I have also heard that people feel it is prescribed by the Bible. I don't want to get too into the religion thing, this is just what I hear. My views on circ have nothing to do with religion.


----------



## Frankly Speaking (May 24, 2002)

Quote:


Originally Posted by *nancymom*
and my son is also the only circumcised boy in the church nursery.

Just curious Nancy, but if one or both of your twins is/are boy(s), are you going to circumcise again?

Frank


----------



## mama_at_home (Apr 27, 2004)

Yeah, circumcision is big amoung American Christian cultures but I am not sure why. What I hear alot (including from my dh) is that Jesus was circumcised, the Israelites were circumcised, etc. so it cannot be that bad. My experience has been that they circ because of tradition and misinformation, and the fact that it was done in the Bible only gives them more confidence in that practice, kwim? But it isn't for religious reasons they do it. My husband and I are missionaries here in Mexico and even within the Christian Church, circumcision is very rare. The more I travel and the more I read, the more I believe that circing is just an American tradition. Most people don't know why it got started and they don't care, it is just a part of the culture.

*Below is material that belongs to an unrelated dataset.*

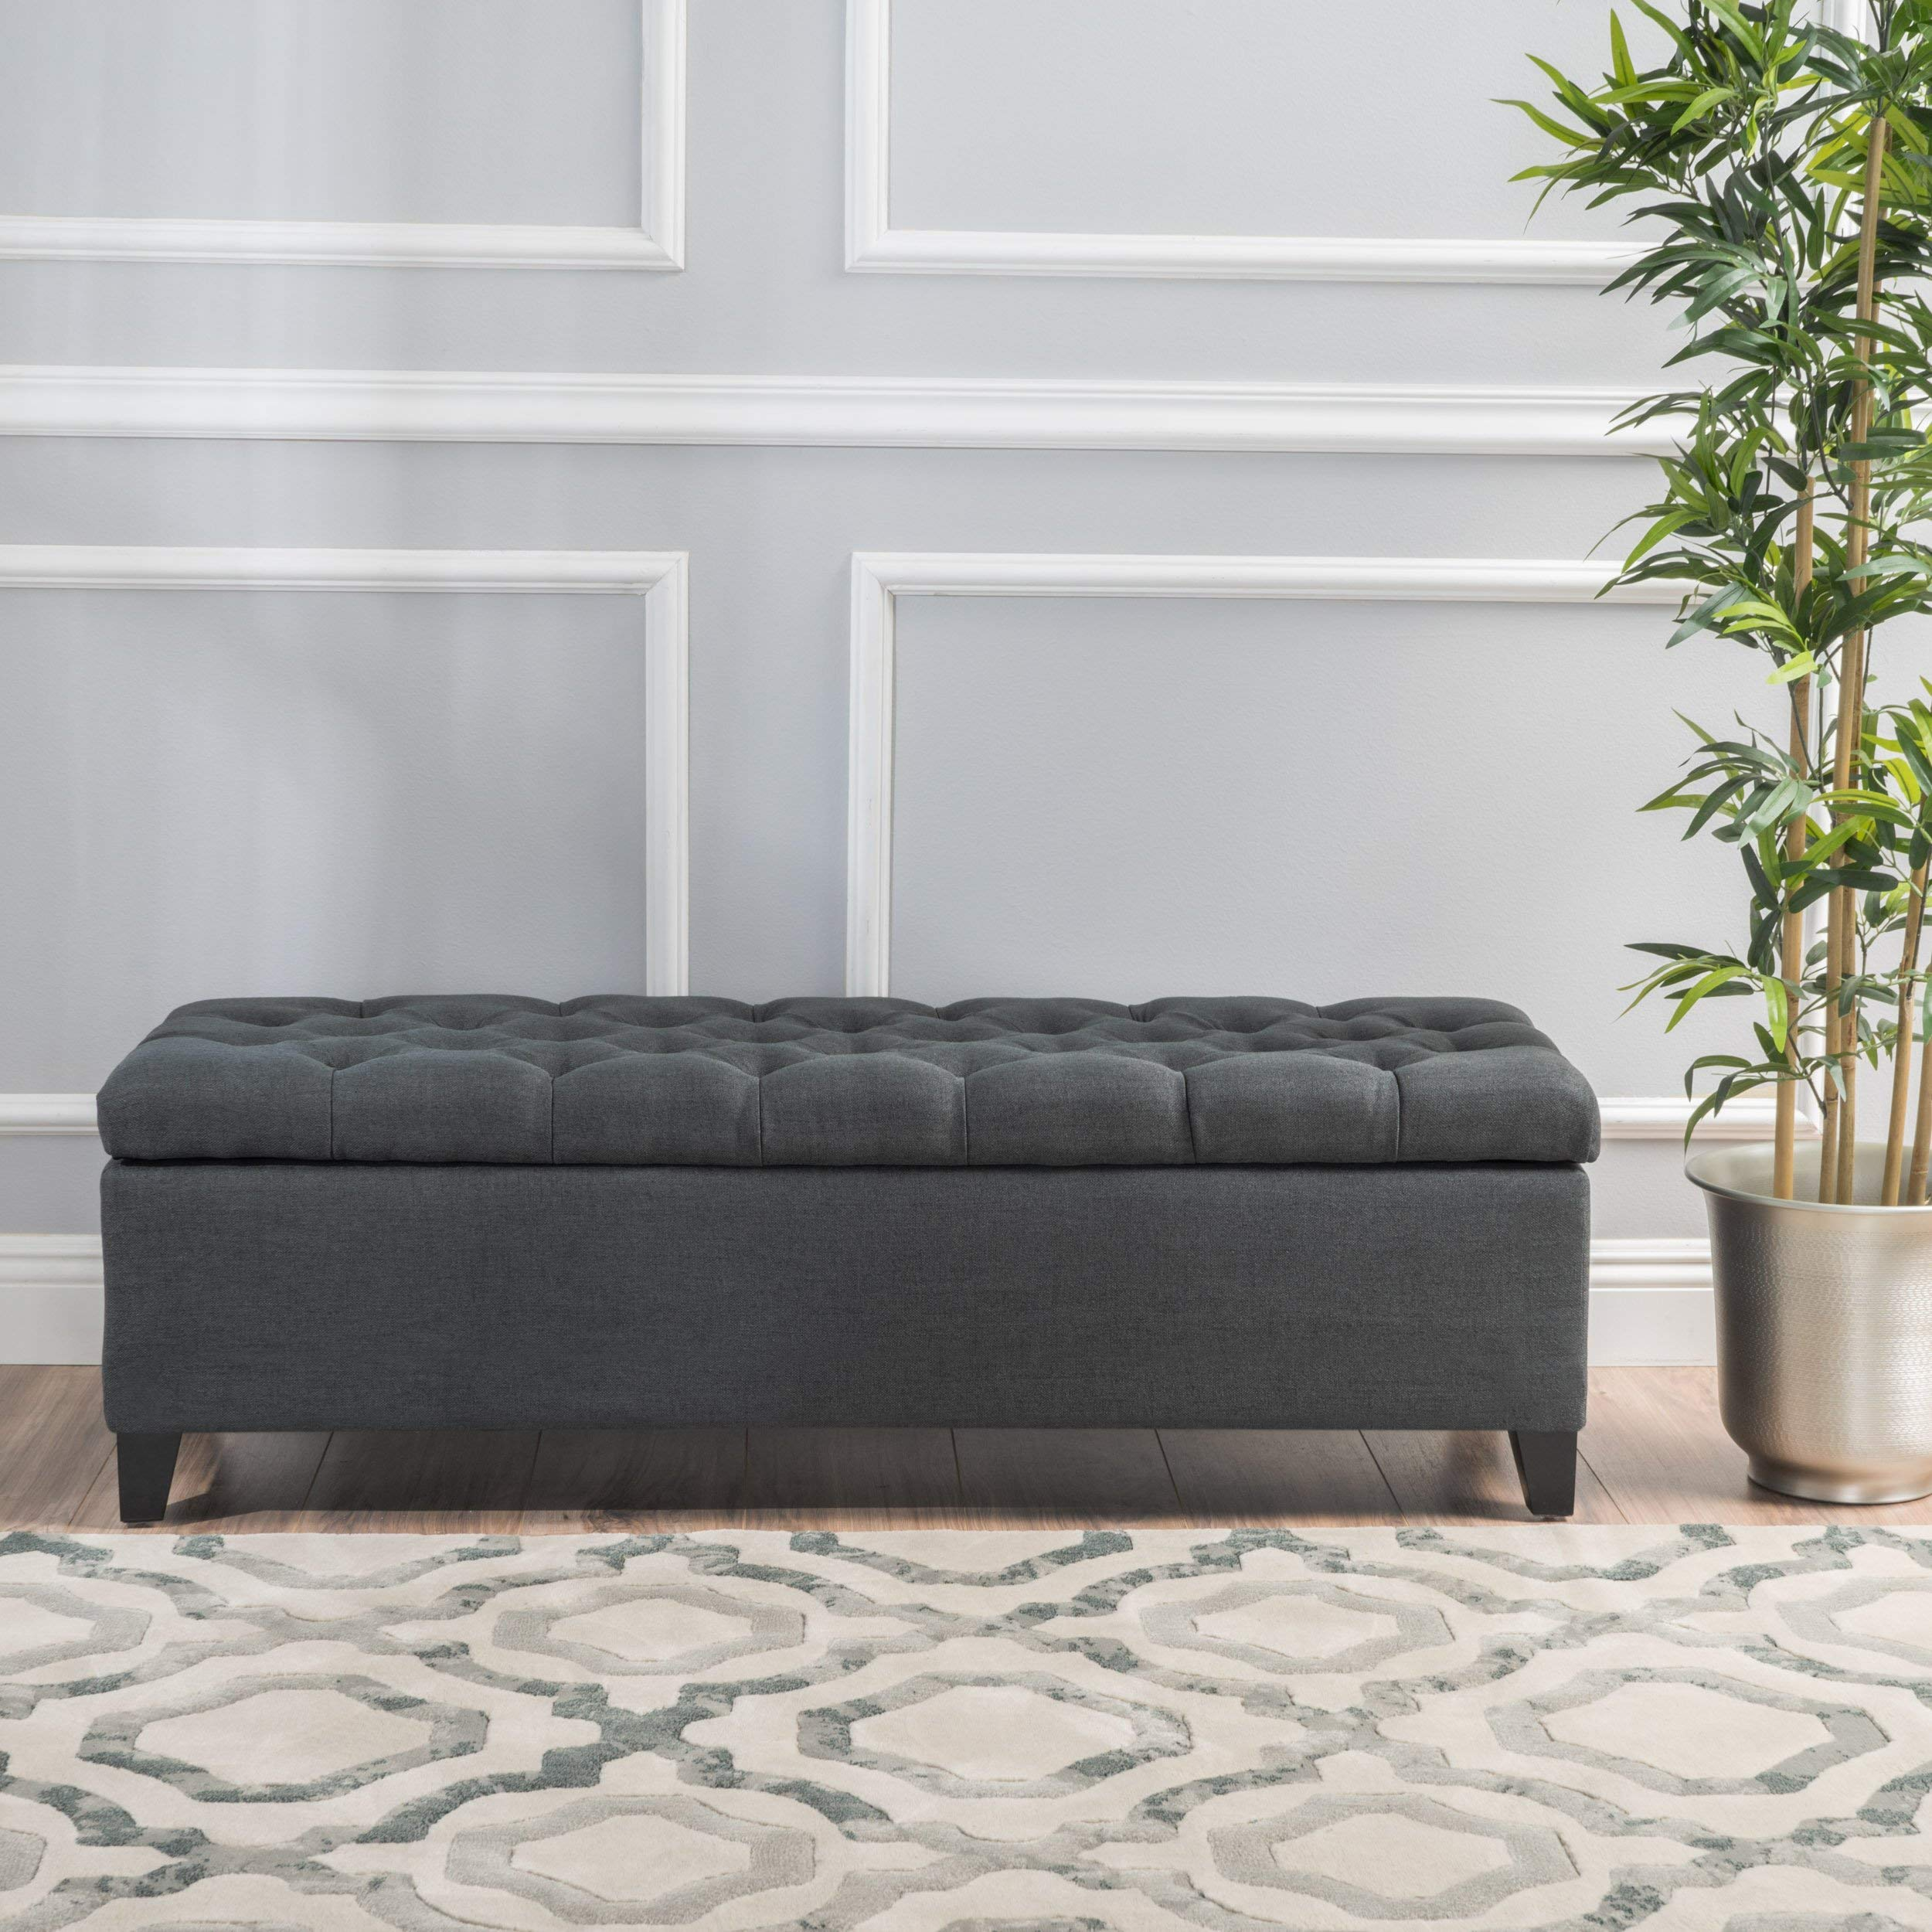 Christopher Knight Home Living Charleston Dark Grey Tufted Fabric Storage Ottoman, 17.75D x 51.50W x 15.75H by Christopher Knight Home

Anyway, I forgot to mention in my orginal post that I am of course very anti-circ and did not even want my son circ'd. My story is posted in the "if you regret circing" thread. Just wanted to clear that up!


----------



## mama_at_home (Apr 27, 2004)

Frank,
Oops, I think I was posting at the same time you were, so I missed yours. No, we are defenitely not circumcising any future sons. For a long time everytime I would change Gabe's diaper around anyone, it would almost bring me to tears because I was so embarrassed and regretful of what we had done to him. I hear Americans say they circ because they don't want their son to look different from everyone else. Well we have the opposite problem-my son is different from everyone because we did circ! I have my story posted in the "if you regret circing" thread. I didn't want my son to be circ'd but it was causing so much strain and stress on our marriage that I eventually gave in to my husband. It is something I will always regret, but at the time I thought it was the right thing to do. The good news is, my dh has come around and is very supportive of leaving our boys intact. He is not an "intactivist" or anything now, but he does realize circing is a very unnecessary practice. I only wish I could have convinced him sooner, but at least our future boys will be intact.


----------



## Frankly Speaking (May 24, 2002)

Nancy:

I'm sorry to hear that you have regrets but extremely happy to hear that you will not circumcise again!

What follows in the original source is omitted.